Indodian.com – Pada 5 Oktober 2022, Merdeka.com menerbitkan berita berjudul: “Istilah ‘Kaum Rebahan’ Sudah Basi di China, Kini Muncul Lagi Tren Baru”. Tren baru yang dimaksud ialah bailan atau membiarkan membusuk (letting it rot). Bailan lebih dari sekadar rebahan. Bailan merupakan reaksi anak-anak muda China terhadap tekanan sosial yang meningkat dan ekonomi di China yang sarat dengan persaingan yang ketat, dan bebas bersaing.
Akibatnya, para pemuda mencoba tidak berpartisipasi dalam kehidupan masyarakat, meninggalkan pekerjaan, menunda penyelesaian kerja tugas, dan lebih memilih bailan. Ketika dunia berjalan tak terkendali, para pemuda mengobarkan slogan allowing things to rot/ letting it rot.
Bailan merupakan reaksi individual terhadap tekanan dari luar. Bila tren ini menjadi gerakan massa, bukan hanya berdampak buruk pada pertumbuhan ekonomi di China, melainkan semua bidang kehidupan―bahkan kehidupan agama, pendidikan, kebudayaan, dan ekonomi-politik internasional, termasuk Indonesia. Meskipun tidak sama, namun kasus seperti ini pernah terjadi di Eropa pada 2013 silam perihal program jaminan pemuda Uni Eropa dalam rangka mengatasi tingginya pengangguran kaum muda di bawah 25 tahun. Namun demikian program ini menghadapi dilema dan dipandang bukan sebagai solusi yang tepat.
Ketakterkendalian seseorang masuk ke dalam lingkaran setan bailan (membiarkan membusuk dengan sendirinya) tentu saja bertolak belakang dengan ketakterkendalian dunia luar dirinya (runaway world).
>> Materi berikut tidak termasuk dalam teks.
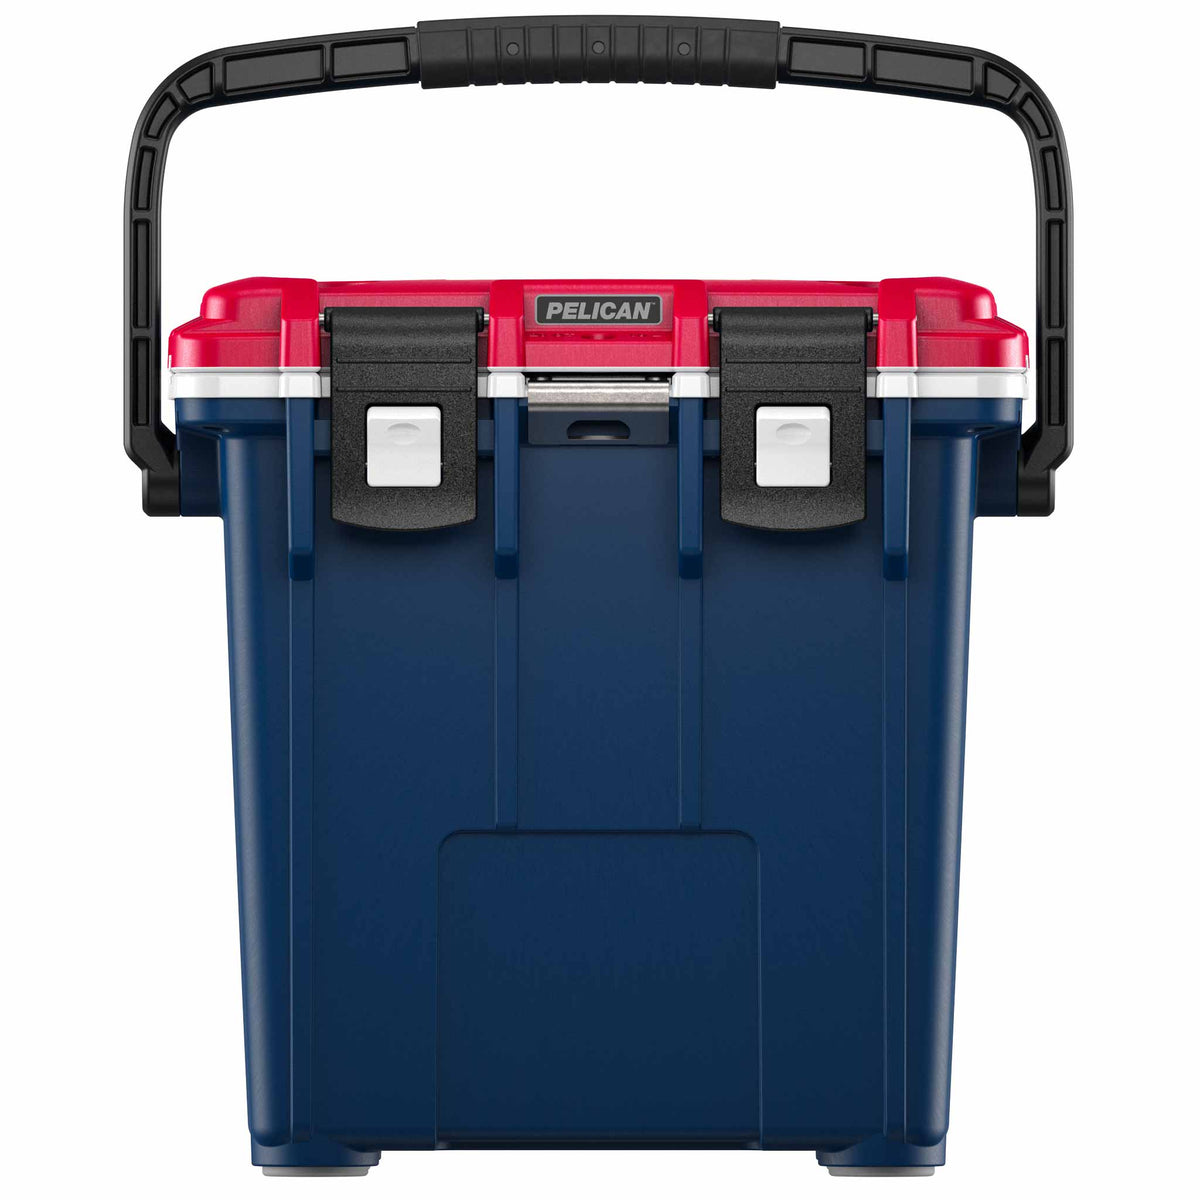 Refurbished Pelican™ 20QT Elite Cooler Cooler in Blue/White/Red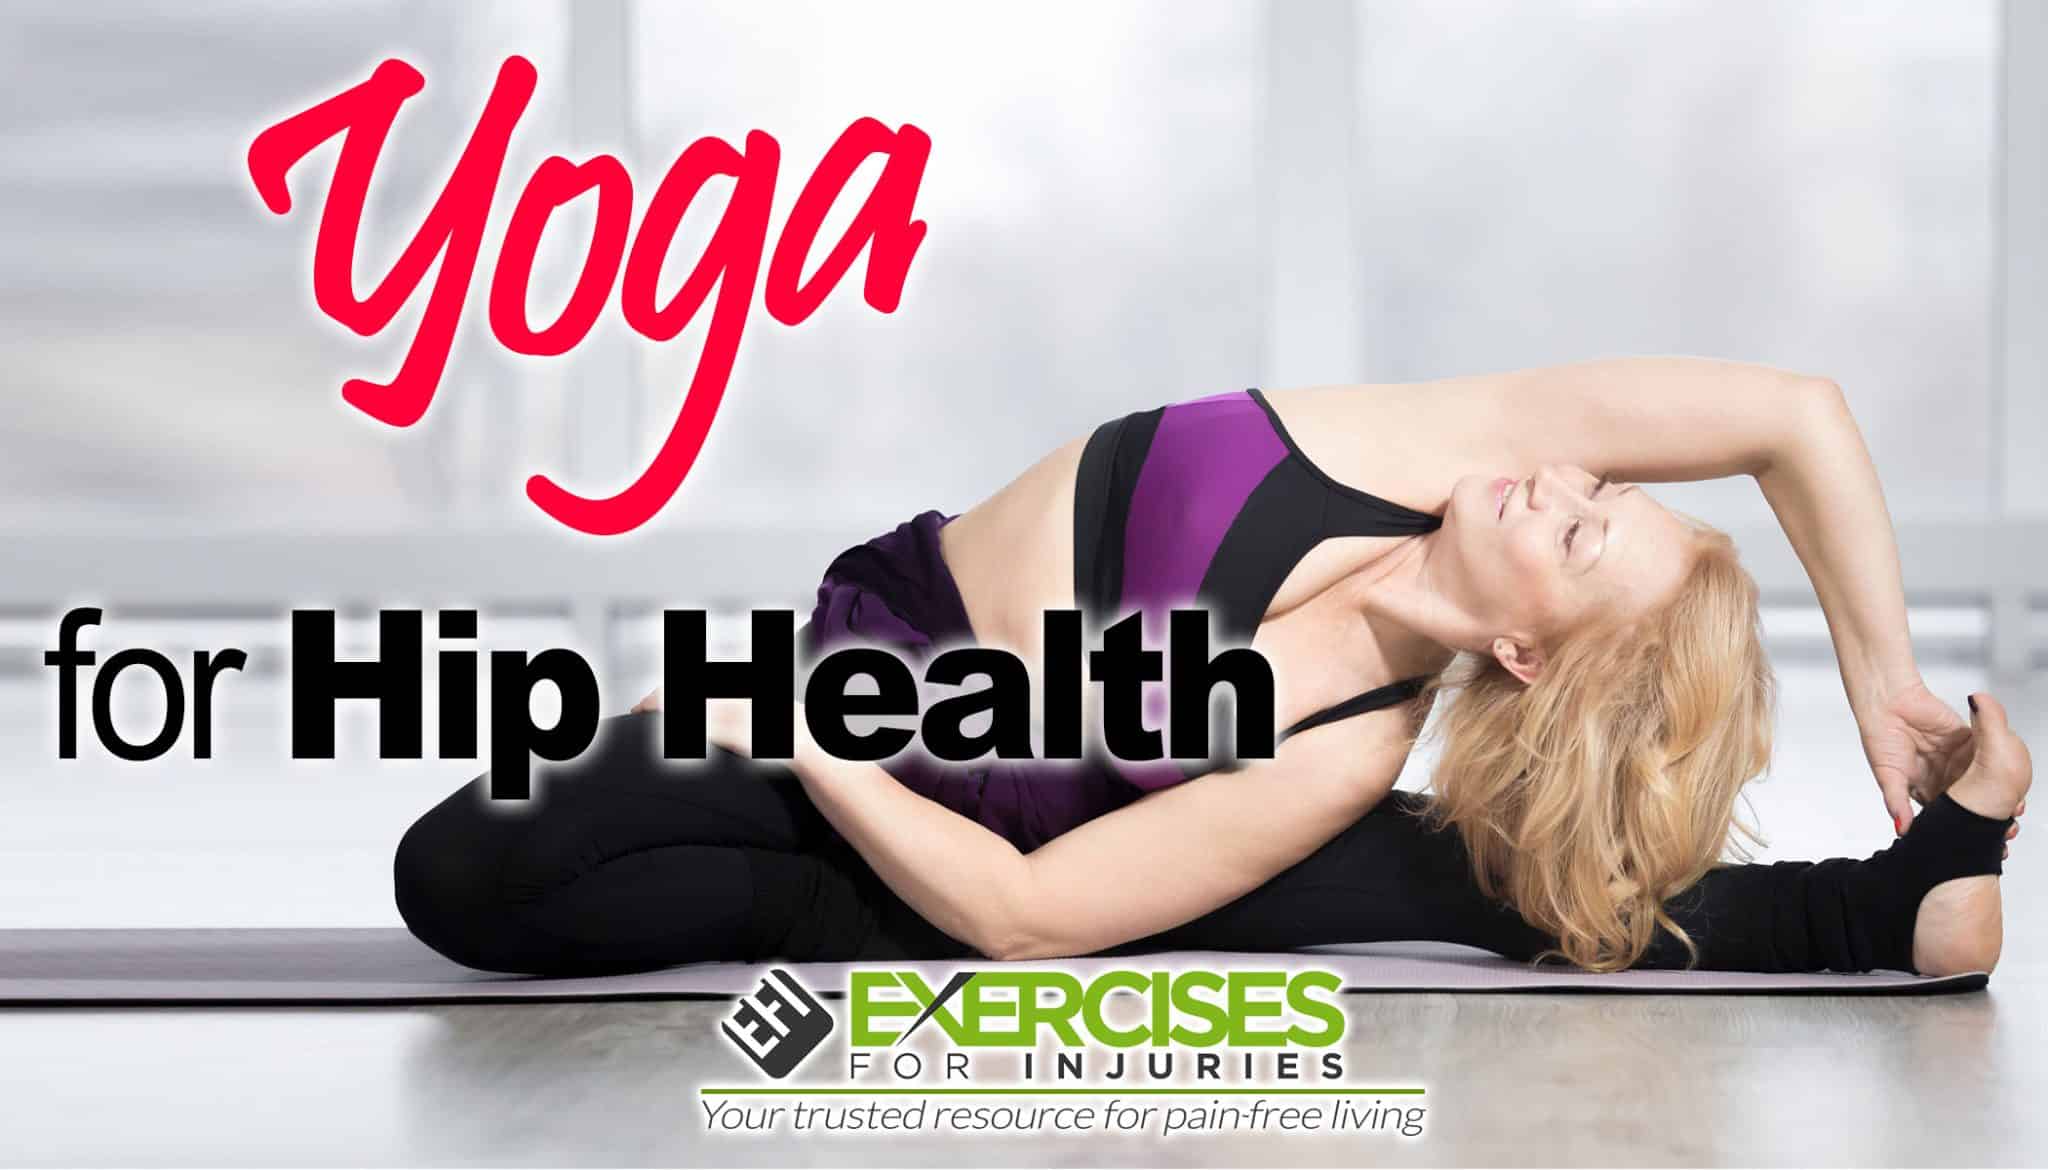 Yoga for hip health

Alih-alih membiarkan membusuk, seseorang terjebak dalam egoisme, individualisme, dan ketinggalan truk Juggernaut yang tak terkendali. Untuk itu kita perlu mendalami gejala ketakterkendalian individu (unstoppable individu) dan ketakterkendalian dunia (runaway world).
Unstoppable Individu dan Runaway World
Sia Kate Isobelle Furler, penyanyi asal Australia yang lahir pada 18 Desember 1975 mampu mengendalikan sementara ketakterkendalian manusia. Pada Januari 2016, Sia dan Christopher Braide menulis lagu “Unstoppable”, yang diproduseri oleh Jesse Shatkin. Berikut kutipan lirik Unstoppable tersebut: I’m a Porsche with no breaks/ I’m invincible/Yeah, I win every single game/ I’m so powerful/ I don’t need batteries to play/ I’m so confident, yeah, I’m unstoppable today/ Unstoppable today, unstoppable today. Sia tidak hanya berhasil menciptakan kejutan, tetapi memberikan makna terdalam atas ketakterkendalian manusia.
Ketakterkendalian disebabkan oleh faktor internal dan faktor eksternal. Menurut Sia, ketakterkendalian dilahirkan dan dikendarai oleh egoisme, individualisme, pengebalan diri, dan percaya diri yang berlebihan [how strong how I am… I’m invincible] (faktor internal). Sementara itu, menurut Anthony Giddens (2004:18), ketakterkendalian individu terjadi karena ketakterkendalian dunia luar atau runaway world (faktor eksternal).
Runaway world diciptakan oleh kelompok kapitalis (ekonomi) dan penguasa (politik). Kapitalis dan penguasa politik menciptakan ketidaktentuan atau manufactured uncertainty. Ketidaktentuan ini tidak ditimbulkan oleh alam, tetapi oleh manusia sendiri berkat teknologi yang diciptakannya. Misalnya, perusakan lapisan ozon, polusi udara, limbah, pemanasan bumi, sampah, desertifikasi, dan pembabatan hutan tanpa kendali (Anthony Giddens,1994:4).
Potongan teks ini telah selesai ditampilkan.